> _Recorded data_:
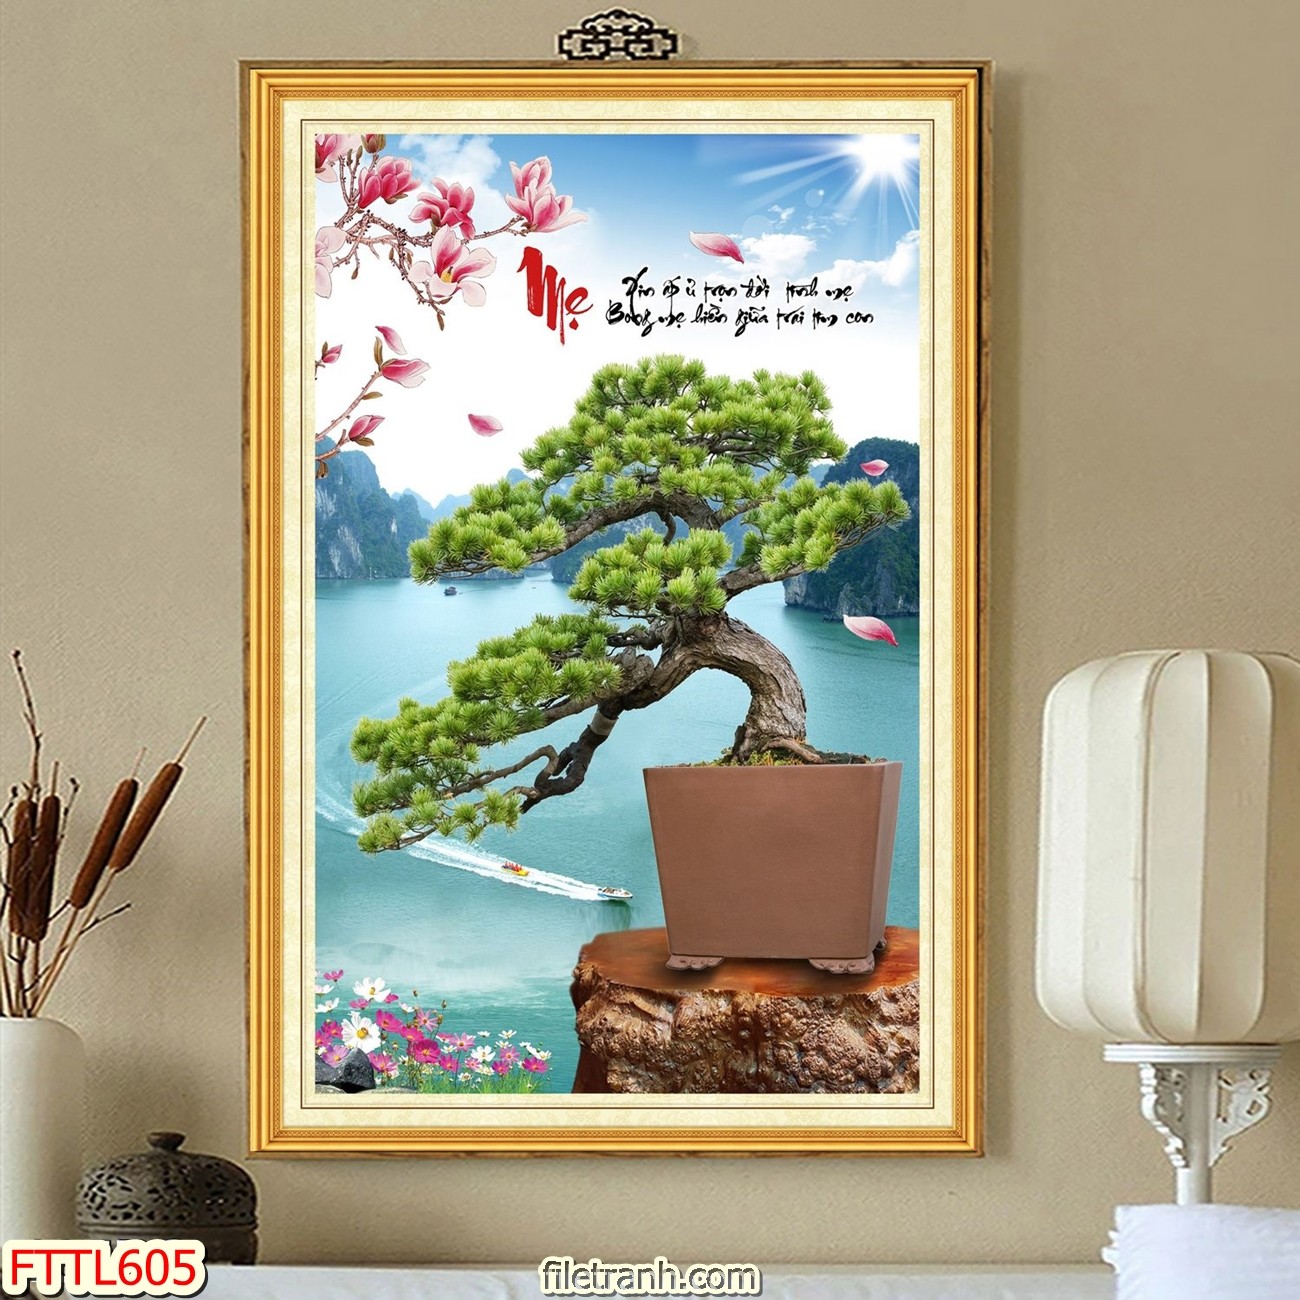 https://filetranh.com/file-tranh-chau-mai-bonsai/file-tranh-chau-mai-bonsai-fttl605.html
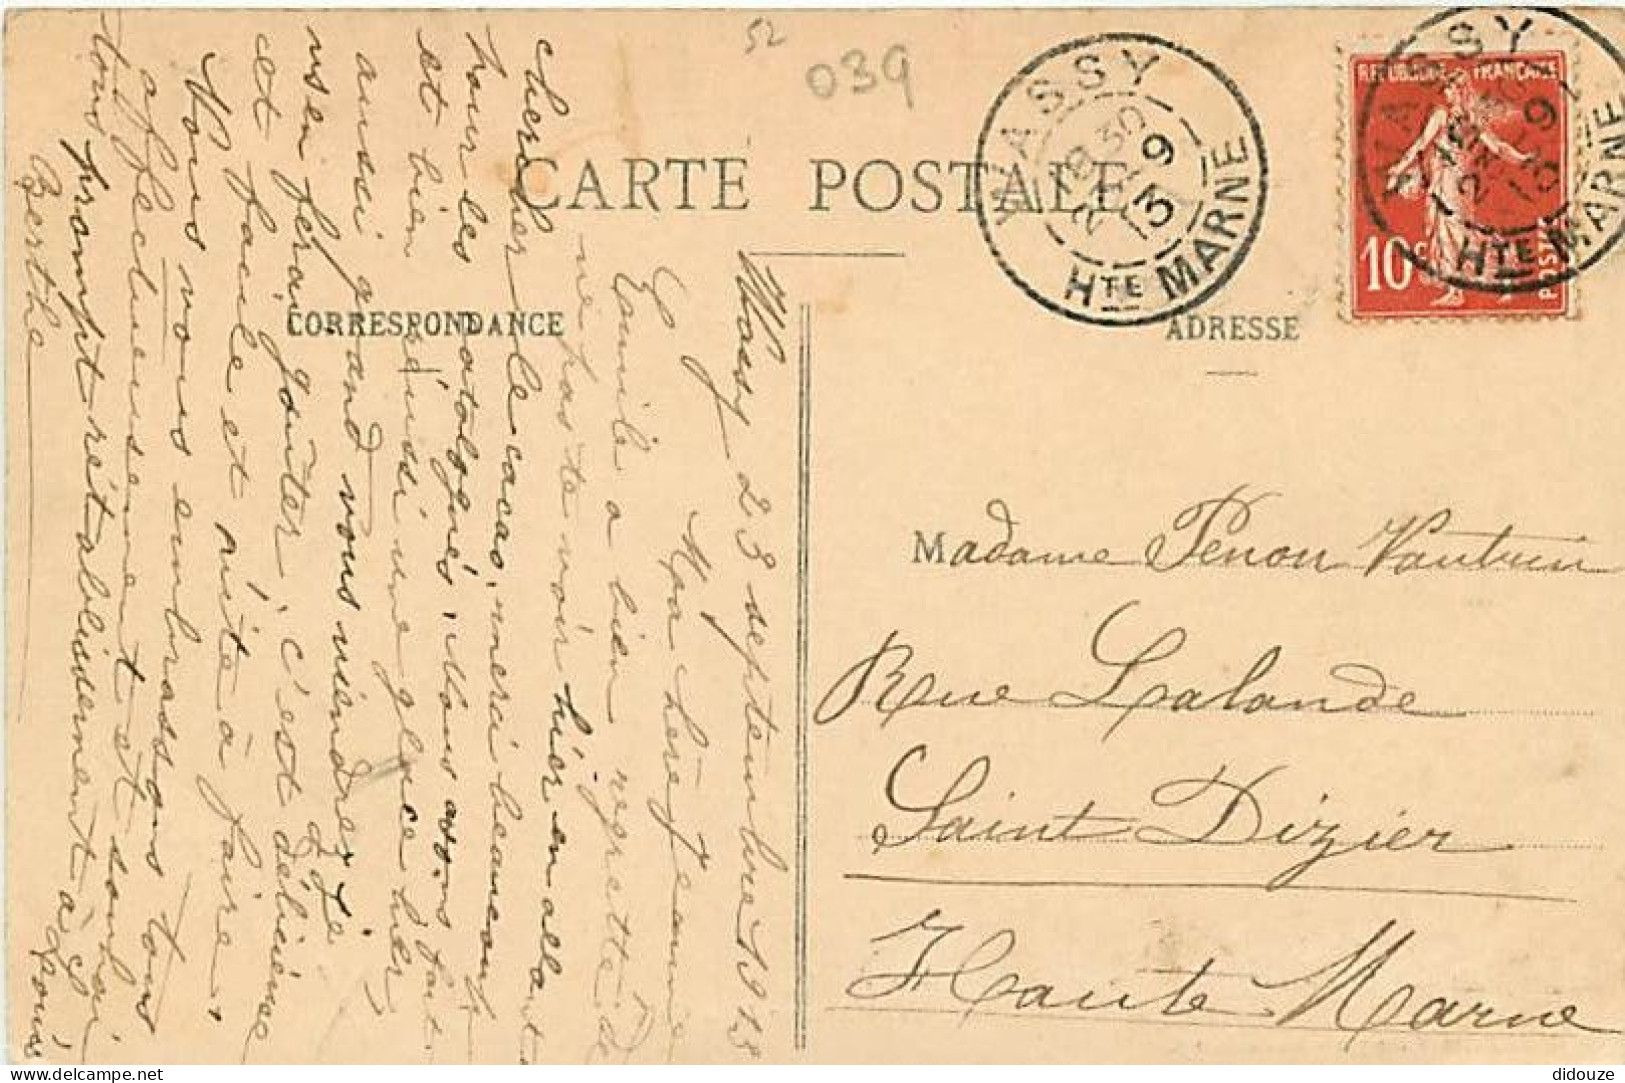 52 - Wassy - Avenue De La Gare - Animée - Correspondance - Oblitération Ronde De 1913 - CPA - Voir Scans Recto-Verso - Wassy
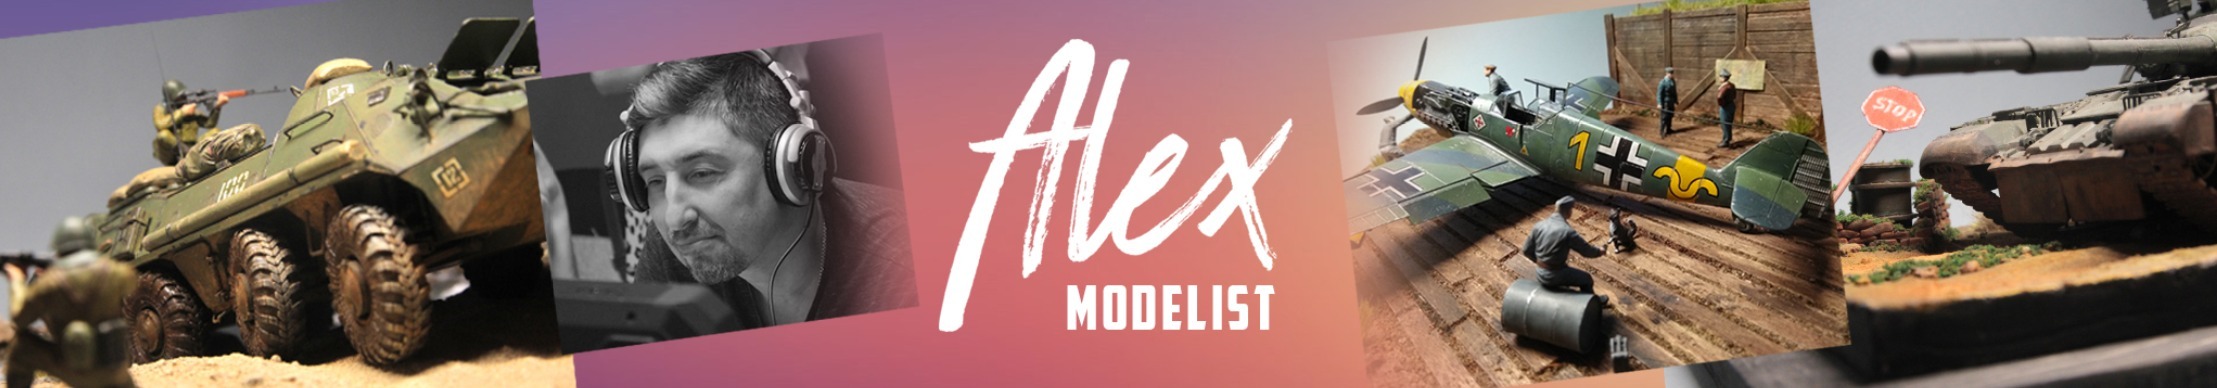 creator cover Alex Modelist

> _Work request_:
Any picture in the listing above gets left out; output the rest exactly.

> _Expected answer_:
 https://filetranh.com/file-tranh-chau-mai-bonsai/file-tranh-chau-mai-bonsai-fttl605.html
 52 - Wassy - Avenue De La Gare - Animée - Correspondance - Oblitération Ronde De 1913 - CPA - Voir Scans Recto-Verso - Wassy
 creator cover Alex Modelist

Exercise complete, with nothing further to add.